Zombie Zen

How Structure Affects Git's UX

By Ross Light

It’s always interesting to me to compare different approaches to solving the same problem. Git and Mercurial are two version control systems that came out at similar times, trying to address very similar requirements. Git came from a very low-level systems perspective, whereas Mercurial spent a lot of effort on its user experience. Despite what you might think, their data models are remarkably similar. It’s from this observation I started my side project — gg. I found myself greatly missing the experience of Mercurial, but I’ve resigned myself to the fact that Git is here to stay.

I came across a rather interesting challenge today while working on gg. I am trying to replicate the behavior of hg pull, and even though I’ve worked on gg for over a year now, I still haven’t reached a behavior that I’m satisfied with. I’ve finally realized why, and it boils down to a very subtle difference in the data models of the two systems.

A diagram showing commits contained inside a box titled "All", each leaf having a ref attached. One commit with no ref is outside this box, but still in the Git repository.

The Git model. In order to be part of git log --all, it must be reachable from a ref. However, there can be ephemeral commits not reachable from a ref in the repository.

At its core, Git has two concepts: commits and refs. A repository stores commits in an unstructured graph form. Git considers any commit not reachable from a ref to be unimportant, and will delete such commits periodically. Such commits are typically the side effect of rebases or deleted local branches. Refs act like garbage collection roots, and in fact, Git refers to this as garbage collection. (Not the sort of judgement you want from a system safeguarding your code!)

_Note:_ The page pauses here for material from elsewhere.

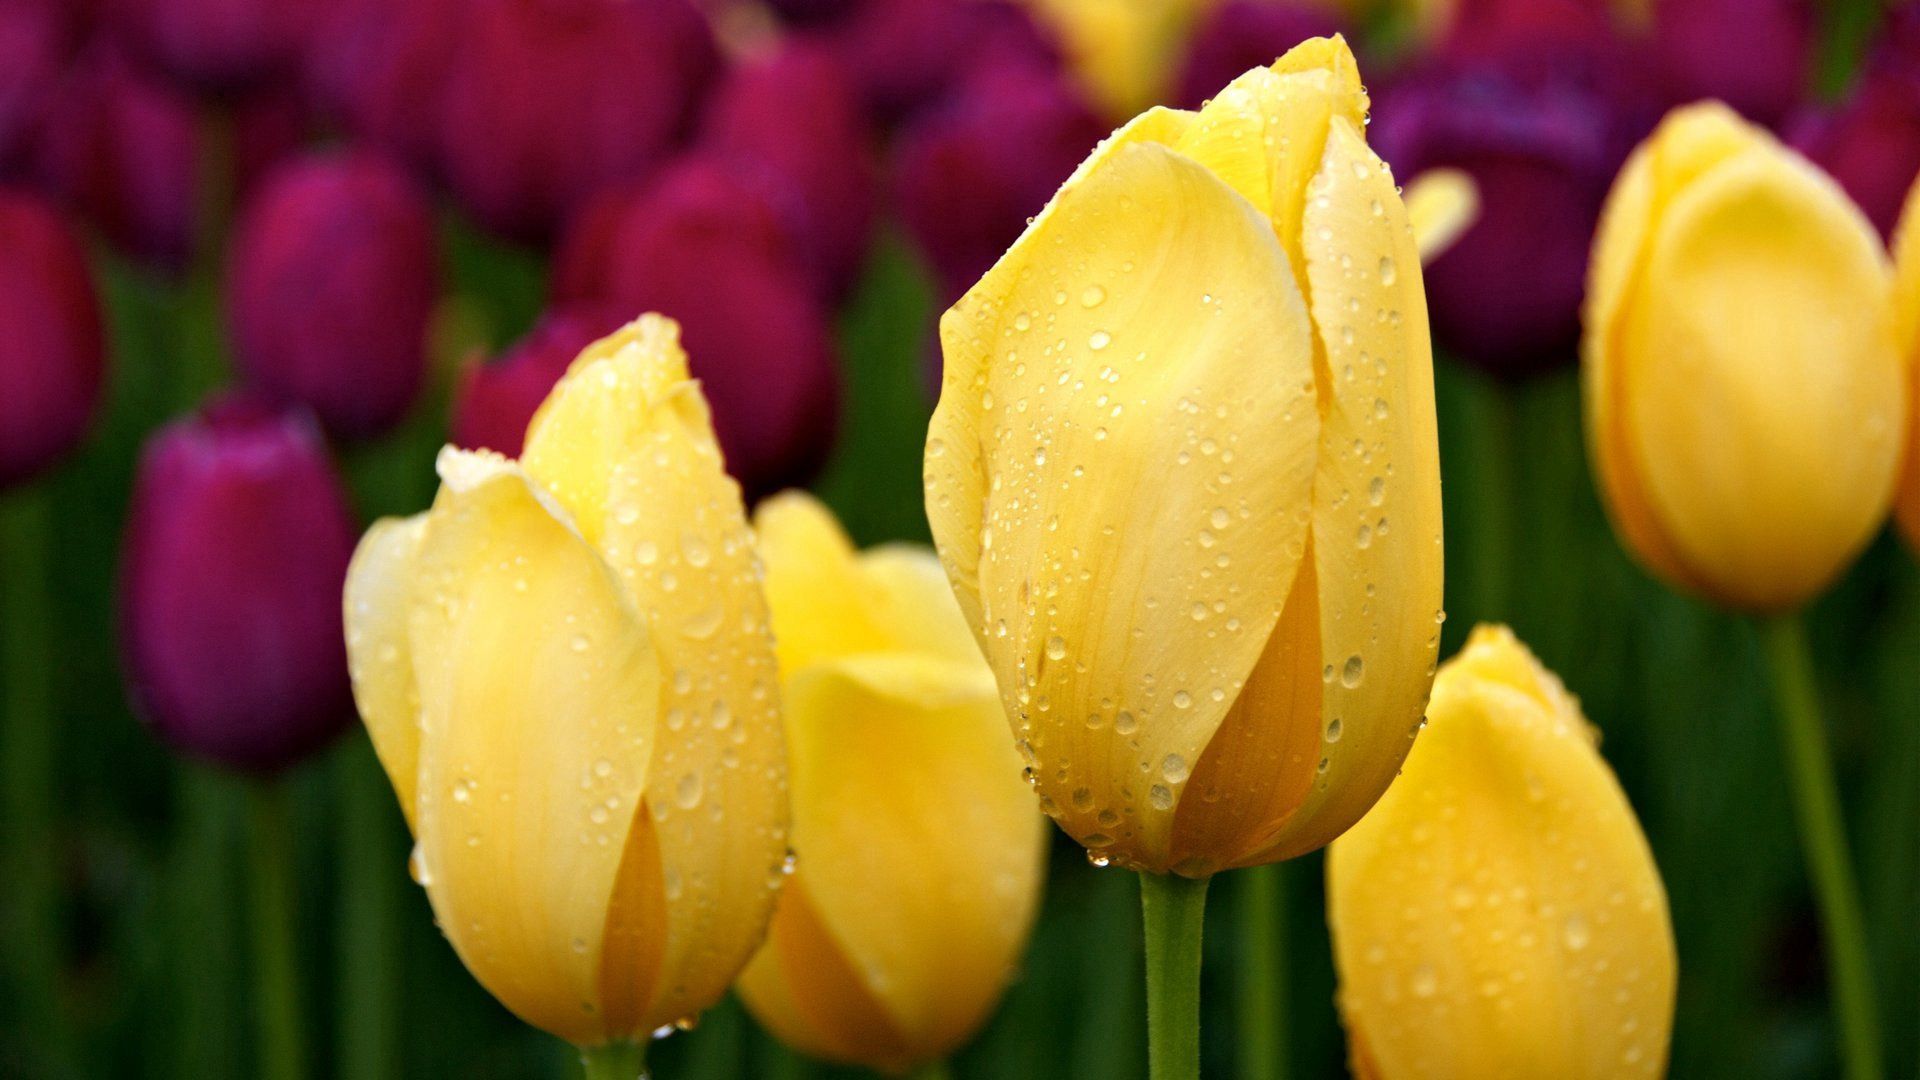 flowers, tulips, drops, greens, buds, different iphone wallpaper

A diagram showing all commits contained inside the Mercurial Revlog.

The Mercurial model. By merit of being in the revlog, a revision is considered part of the repository’s history.

Mercurial, on the other hand, makes no such distinction. All commits in the revlog are part of the observable history. Mercurial bestows a fairly arbitrary default ordering on the commits, which is the order in which they were appended to the revlog. Mercurial does have a concept similar to refs called bookmarks, but this concept was introduced later and thus isn’t fundamental. In Mercurial, one must explicitly remove commits from the revlog using an extension like hg strip or mark them as obsolete with the new changeset evolution features. This is conceptually very simple: once you see a commit, it is now part of the history.

This difference in data model causes complexity higher up in Git. When fetching commits from another repository, it is very difficult to do so without configuring what Git calls “remotes”. Fundamentally, the problem is that when git fetch adds commits to the repository, it needs to attach refs to those new graph leaves lest they be garbage collected. Remotes specify patterns for Git to use to create refs, thus preserving the new commits. Mercurial does not have this problem! In Mercurial, it simply appends the commits to the revlog, and there’s nothing more to do.

Git’s choice to distinguish between reachable and unreachable commits resulted in more complexity for the end-user in the form of configuration. Mercurial made no such distinction and thus no configuration is required. The lesson I take away from this is that it is important to constantly reevaluate your data model as you build software. While this is certainly not a new observation — Rob Pike famously wrote “Data structures, not algorithms, are central to programming.” — it is one that cannot be stated enough.